The Wiola Architecture for Efficient Small Language Models

The Wiola Architecture for Efficient Small Language Models

Wiola:用于高效小型语言模型的架构

We present Wiola, a fully original Small Language Model (SLM) architecture built from first principles, sharing no structural lineage with any existing model family including GPT, LLaMA, Mistral, or Falcon. 我们提出了 Wiola,这是一种完全原创的小型语言模型(SLM)架构,它是从第一性原理出发构建的,与包括 GPT、LLaMA、Mistral 或 Falcon 在内的任何现有模型家族均无结构上的渊源。
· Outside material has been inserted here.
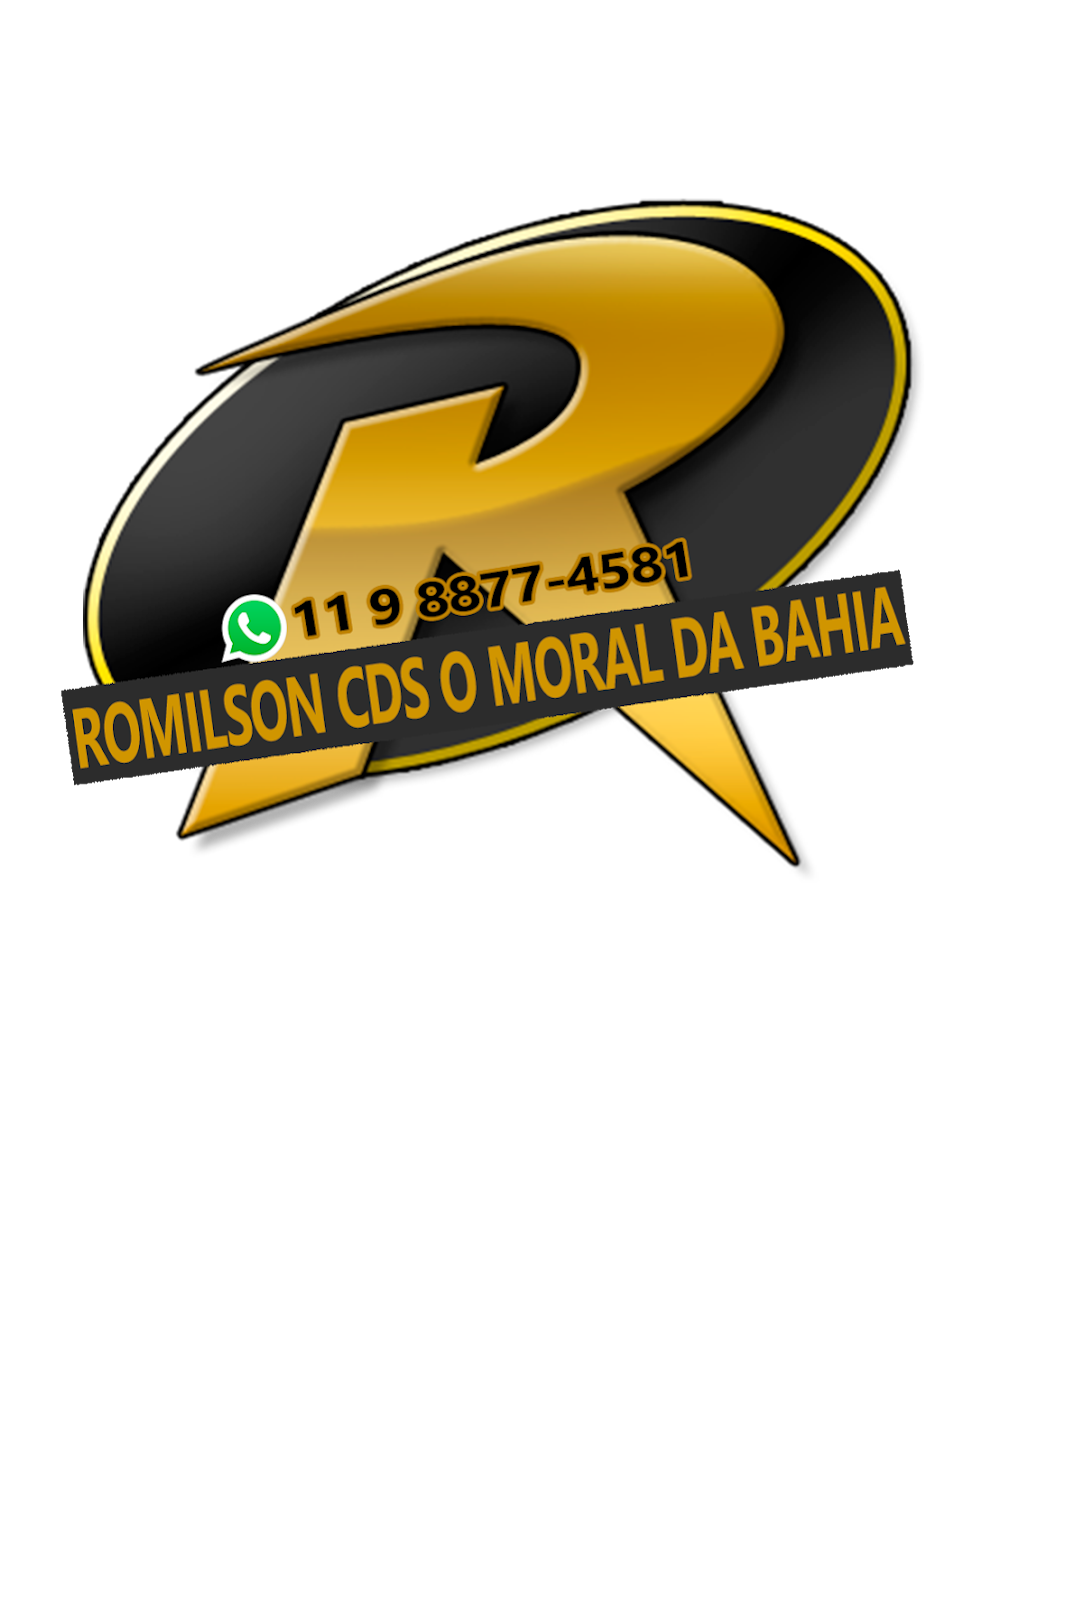 ROMILSON CDS  O MORAL DA BAHIA

Wiola introduces five independently novel components: (i) Spiral Rotary Positional Encoding (SRPE), which embeds token positions on a three-dimensional helical manifold combining absolute, relative, and hierarchical positional signals; (ii) Gated Cross-Layer Attention (GCLA), providing each decoder layer with soft cross-attention access to compressed summaries of two preceding layers for inter-layer coherence; (iii) Adaptive Token Merging (ATM), which dynamically merges semantically redundant adjacent tokens in middle network layers to reduce attention complexity without information loss; (iv) Dual Stream Feed-Forward (DSFF), replacing the conventional MLP with two parallel streams fused by a learned per-dimension gate; and (v) WiolaRMSNorm, a modified normalisation introducing a per-dimension learned offset vector that prevents representation collapse. Wiola 引入了五个独立的创新组件:(i) 螺旋旋转位置编码(SRPE),它将 Token 位置嵌入到三维螺旋流形上,结合了绝对、相对和分层位置信号;(ii) 门控跨层注意力机制(GCLA),为每个解码器层提供对前两层压缩摘要的软跨层注意力访问,以增强层间连贯性;(iii) 自适应 Token 合并(ATM),在网络中间层动态合并语义冗余的相邻 Token,从而在不丢失信息的情况下降低注意力计算复杂度;(iv) 双流前馈网络(DSFF),用两条通过学习得到的逐维度门控融合的并行流取代了传统 MLP;以及 (v) WiolaRMSNorm,一种改进的归一化方法,引入了逐维度的学习偏移向量,以防止表征坍缩。

We provide complete mathematical derivations, architectural block diagrams, complexity analyses, and systematic comparisons against GPT-2, LLaMA-2, and Mistral. 我们提供了完整的数学推导、架构框图、复杂度分析,以及与 GPT-2、LLaMA-2 和 Mistral 的系统性对比。

Wiola is released in four sizes (120M, 360M, 700M, and 1.5B parameters) and is fully compatible with the HuggingFace Transformers ecosystem, with all 22 architectural unit tests passing. Wiola 发布了四种规模(1.2 亿、3.6 亿、7 亿和 15 亿参数),并与 HuggingFace Transformers 生态系统完全兼容,所有 22 项架构单元测试均已通过。